Typically, Blockchain networks are built using a Monolithic approach. The idea is that a blockchain can do everything. That includes things like processing transactions, checking whether they’re correct, and getting nodes to agree on them.

However, Monolithic blockchains like Bitcoin, Ethereum, and Solana suffer from certain drawbacks like sub-optimal throughput, inefficient execution, scalability, flexibility, State bloat, and unpredictable transaction fees due to the fact that all core functions; execution, settlement, consensus, and data availability compete for the same limited resources. Celestia proposes a paradigm shift through its modular architecture.

Celestia is a modular Layer 1 proof-of-stake (PoS) data availability blockchain that decouples transaction execution (and validity) from the consensus layer so that the consensus is only responsible for ordering transactions and guaranteeing their data availability. This is the bare minimum that the consensus layer of a blockchain needs to do in order to enable useful applications, such as cryptocurrency.

Background

Celestia (formerly LazyLedger) was founded in 2019, by Mustafa Al-Bassam, Ismail Khoffi, and John Adler. Mustafa Al-Bassam holds a Ph.D. in blockchain scaling and co-authored a paper on fraud and data availability proofs alongside Vitalik Buterin the founder of Ethereum. John Adler is also the co-founder of Fuel, a modular blockchain execution layer. In addition, the Celestia team is composed of engineers with experience in Google, AWS, Oracle, and other blockchain projects like Ethereum, Cosmos, and Harmony

Since its inception, Celestia has raised over $56 million in funding, with the latest round led by Bain Capital Crypto and Polychain Capital in October 2022.

Technology Overview

The core idea of Celestia is to reduce the overhead of any blockchain built on top of it. Celestia proposes a modular approach to scalability rather than the traditional monolithic architecture that most layer 1 networks use.

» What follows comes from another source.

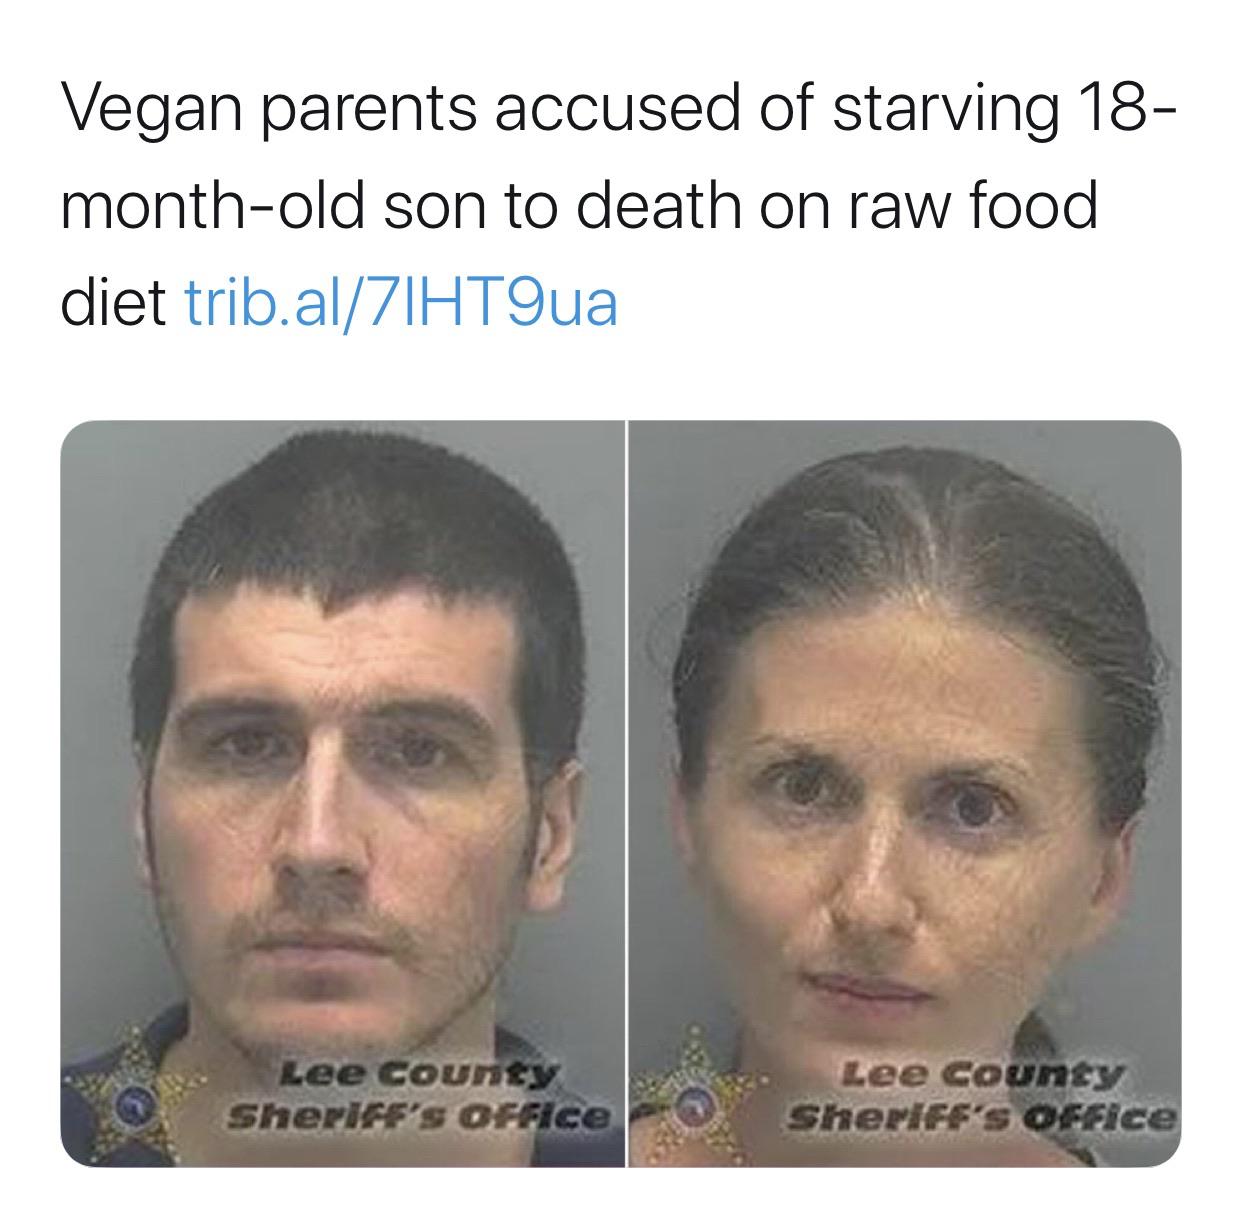 jaw - Vegan parents accused of starving 18 monthold son to death on raw food diet trib.alZIHT9ua Lee County Sheriff's Office Lee County Sheriff's Office

Celestia simply orders and publishes data pushed by developers and validators. Chains built on top of Celestia can then execute using said data in their own sovereign execution environment while inheriting the security Celestia’s consensus network can provide. Splitting the traditional monolithic layer 1 architecture into a 2-layer system (data availability layer and execution layer).

While Cosmos Tendermint already makes the distinction between consensus and application layer, Celestia is meant to operate as a data availability layer between consensus and execution to increase scalability.

The Basics of Modular and Monolithic Blockchains

Typically, a blockchain can consist of four core functions: Execution, Settlement, Consensus, and Data availability.

● Execution: the environment where applications live and state changes are executed.

● Settlement: an optional hub for execution layers to verify proofs, resolve fraud disputes, and bridge between other execution layers.

● Consensus: the consensus protocol determines how transactions are ordered and how new blocks are added to the chain.

● Data availability: verification that transaction data is available to download.

Monolithic blockchains implement all core functions together in a single base consensus layer. The problem with monolithic blockchains is that the consensus layer must perform a lot of different tasks and it cannot be optimized for only one of these functions. As a result, the monolithic paradigm limits the throughput and scalability of the system.

As a solution, modular blockchains decouple these functions among multiple specialized layers as part of a modular stack. Due to the flexibility that specialization provides, there are many possibilities in which the stack can be arranged. One such arrangement is Celestia’s approach which separates the four functions into three specialized layers. The base layer consists of Data Availability (DA) and Consensus and thus, is referred to as the Consensus and DA layer (or for brevity, the DA layer). While both settlement and execution are moved on top in their own layers.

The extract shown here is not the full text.